Ao G1, cantor fala que há muitos anos ‘números não estão muito à disposição’. Nesta sexta (14) e sábado (15), ele apresenta show com canções de Roberto Carlos em SP.

Nando Reis pediu “detalhes” de duas maneiras, mas não conseguiu. Um dos pedidos é que as empresas de streaming e gravadoras deem mais detalhes de seus números aos artistas. Para ele, as principais lutas dos autores são “sempre” pela transparência e pela manutenção dos direitos autorais.

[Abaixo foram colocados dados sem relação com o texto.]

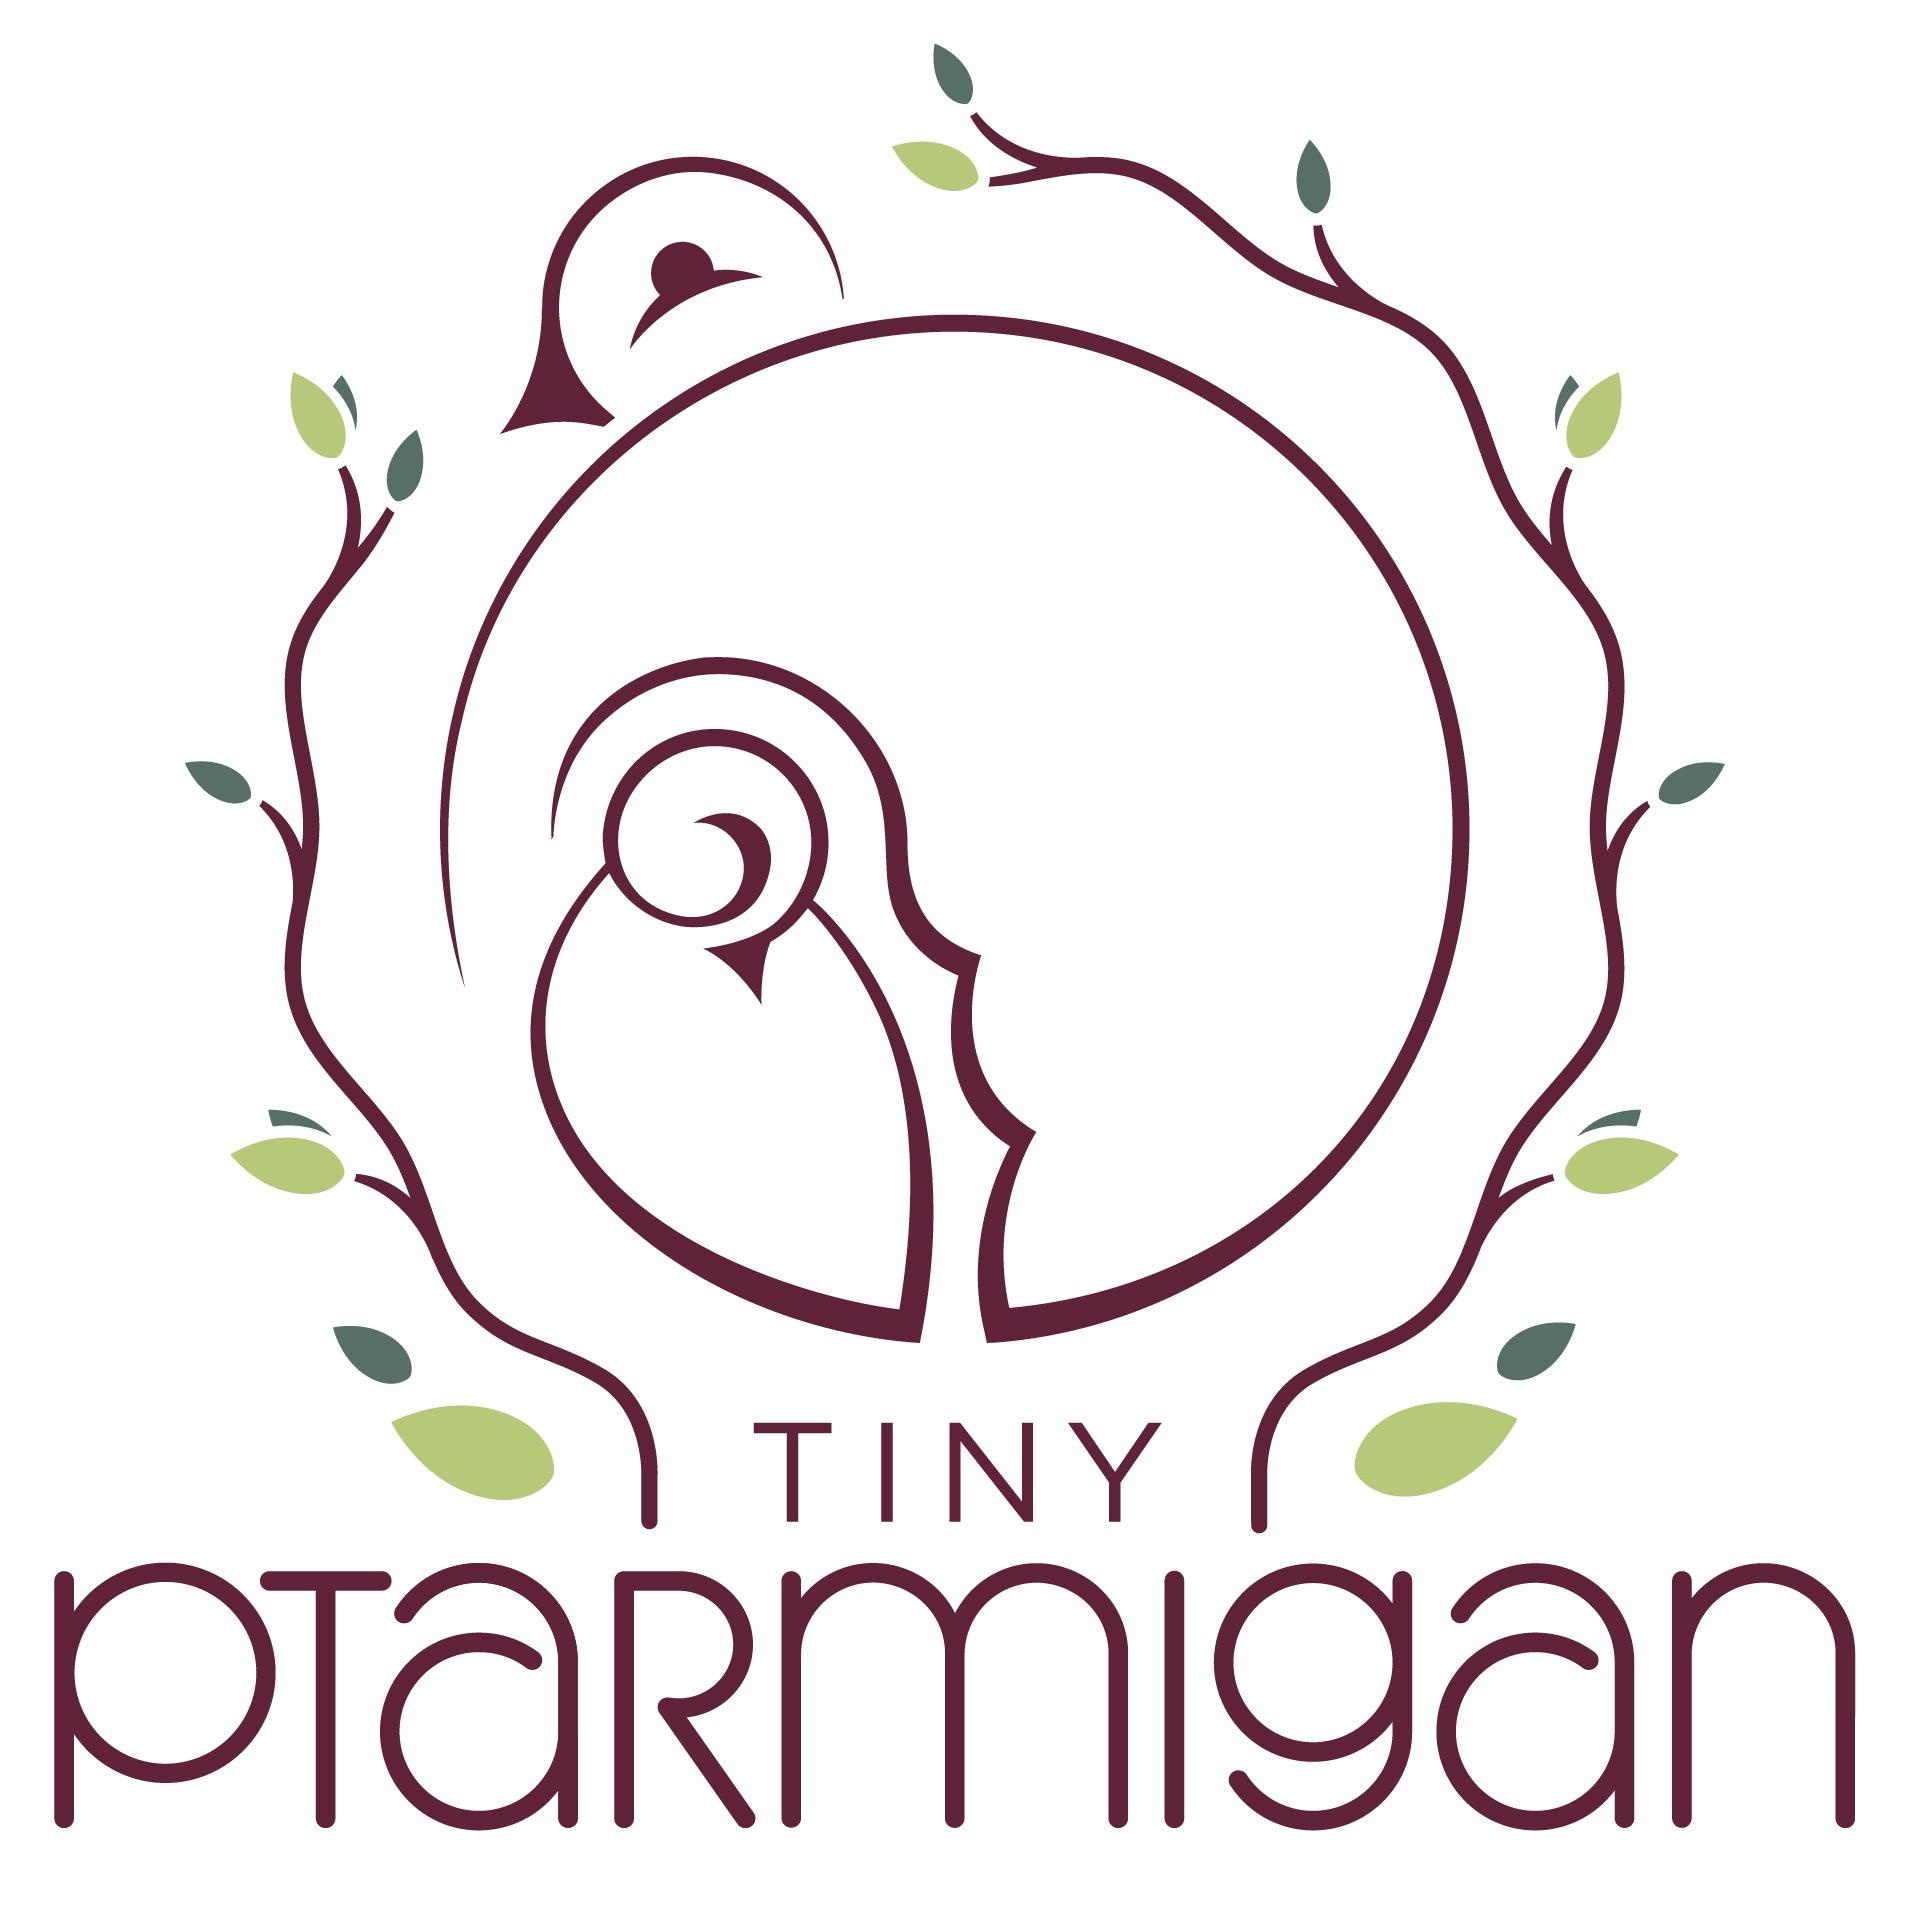 Tiny Ptarmigan-versions-RGB-01.jpg

Já em sua nova turnê, ele pediu autorização para cantar “Detalhes”, clássico de Roberto Carlos. O rei negou, mas Nando entendeu e aceitou. Em entrevista ao G1, ele falou do trabalho no palco, com músicas de Roberto. Também comentou a luta para abrir os dados do streaming.

“Não entendo que na era digital não exista um código ou qualquer coisa em que imediatamente se toque a música em qualquer lugar e vá pro autor aquilo que lhe é devido”, reclama.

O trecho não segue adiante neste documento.